# Sonotube replacement?



## RiffRaff54 (Jan 14, 2010)

I'm designing In the Blood and have a lot of large columns as highway bridge supports that don't carry a load. I was going to use Sonotube but I was informed that a rough estimate of what my design would use would be about $3000 worth of 24" dia Sonotube. My question is does any body know of a good way to get the look I'm going for but for much cheaper?

Many thanks!


----------



## SHARYNF (Jan 14, 2010)

This MIGHT NOT work, but take a look at

SPANDEX COLUMN~WEDDING/PARTY DECORATION~PILLAR~10-12FT - eBay (item 280439557376 end time Jan-15-10 06:53:10 PST)

Sharyn


----------



## BrianWolfe (Jan 14, 2010)

You can redsign and make them square or octagonal columns. 
You can make them flats and paint them to look round.
Wood rings top and bottom wrapped with fabric.
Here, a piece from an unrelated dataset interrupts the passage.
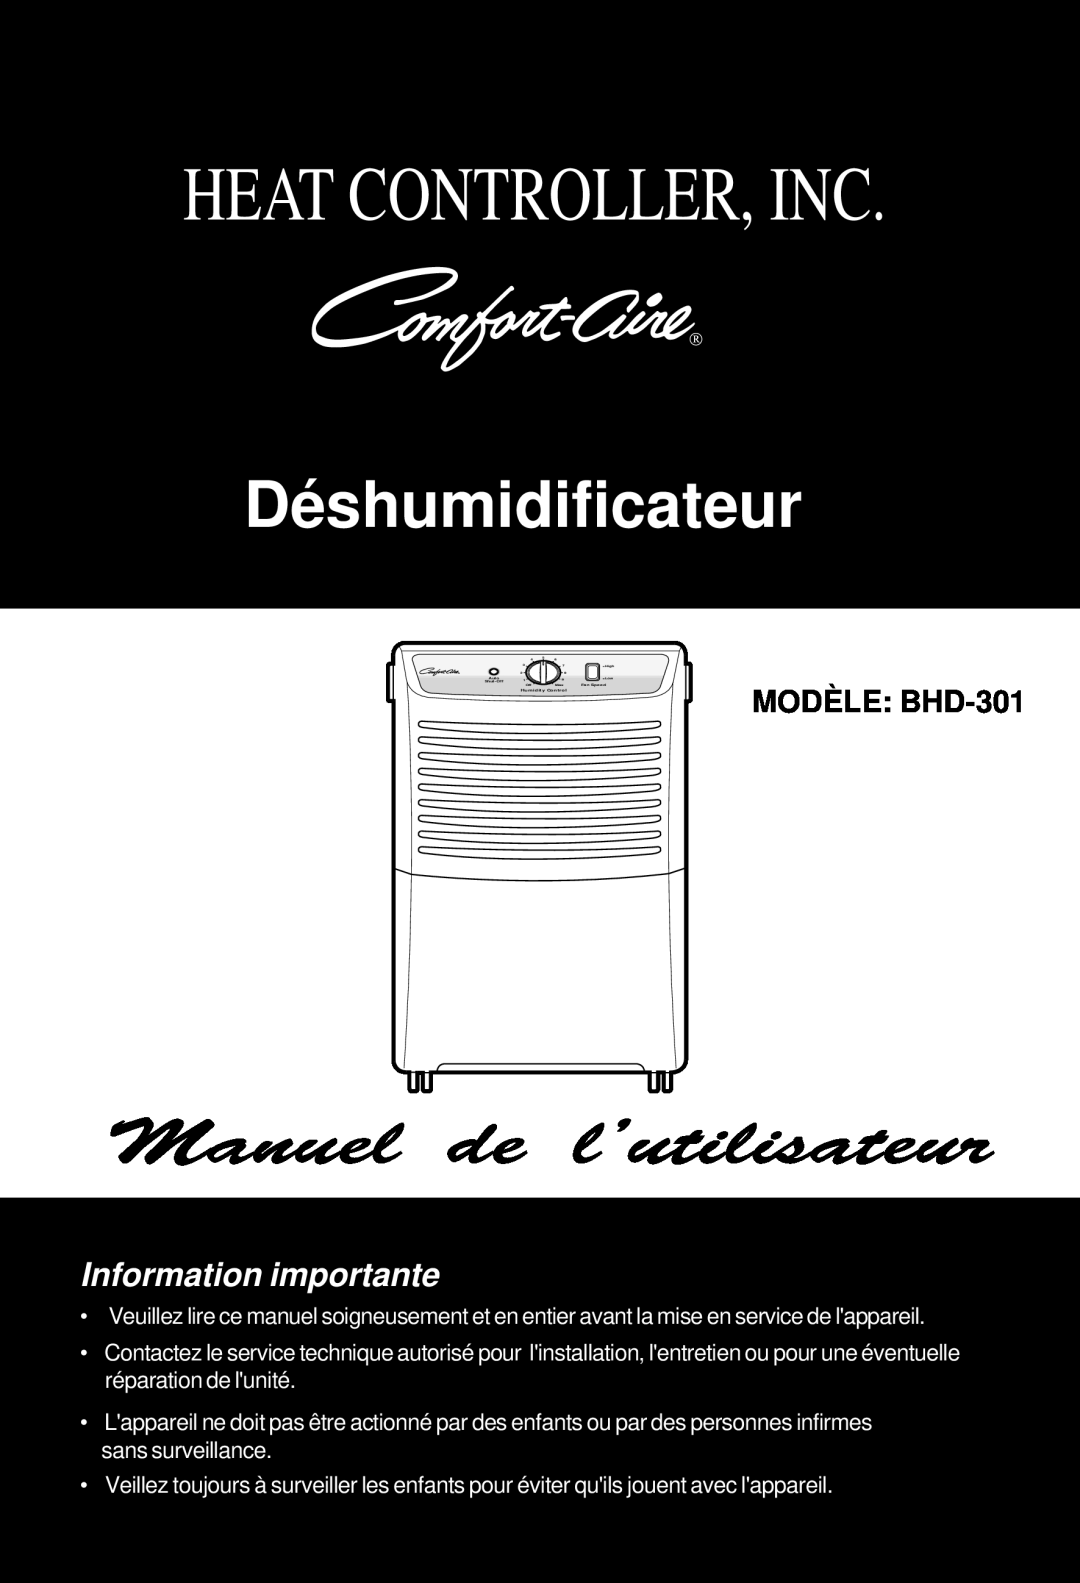 Heat Controller manual Déshumidificateur, Information importante, MODÈLE: BHD-301, Heat Controller, Inc

How many do you need and how tall?


----------



## MarshallPope (Jan 14, 2010)

Call your local newspaper and ask about their paper tubes. We have a few that we use that are approx. 10' tall and maybe 18" dia. Not quite as wide as you want, but free if you can get enough of them.


----------



## Van (Jan 14, 2010)

Wood Armature, with a cardboard covering.


----------



## MarshallPope (Jan 14, 2010)

Van said:


> Wood Armature, with a cardboard covering.



This reminded me of something we bought once. We needed silver columns, and found some kits from Shindigz.com. All they were were cardboard circles for the shape, which were wrapped in corrugated paper. They overcharged horribly for them, but something like that could be done very cheaply assuming you found the corrugated paper. You would just have to make sure that no one leaned against them, as there is not much keeping them from denting.


----------



## Tmeche (Jan 14, 2010)

I would use van's idea but with chicken wire and muslin. that technique served us well when we did the forests for the Scottish play.



Sent from my HERO200 using Tapatalk


----------



## last125eagle (Jan 21, 2010)

I agree. Router out some circles from ply. Put something to hold them apart, wire then glue and paper, muslin cover, or card board cover.

The issue may be though what ever is saved on the tubes is spent on labor to build the tubes. how many columns are needed?


----------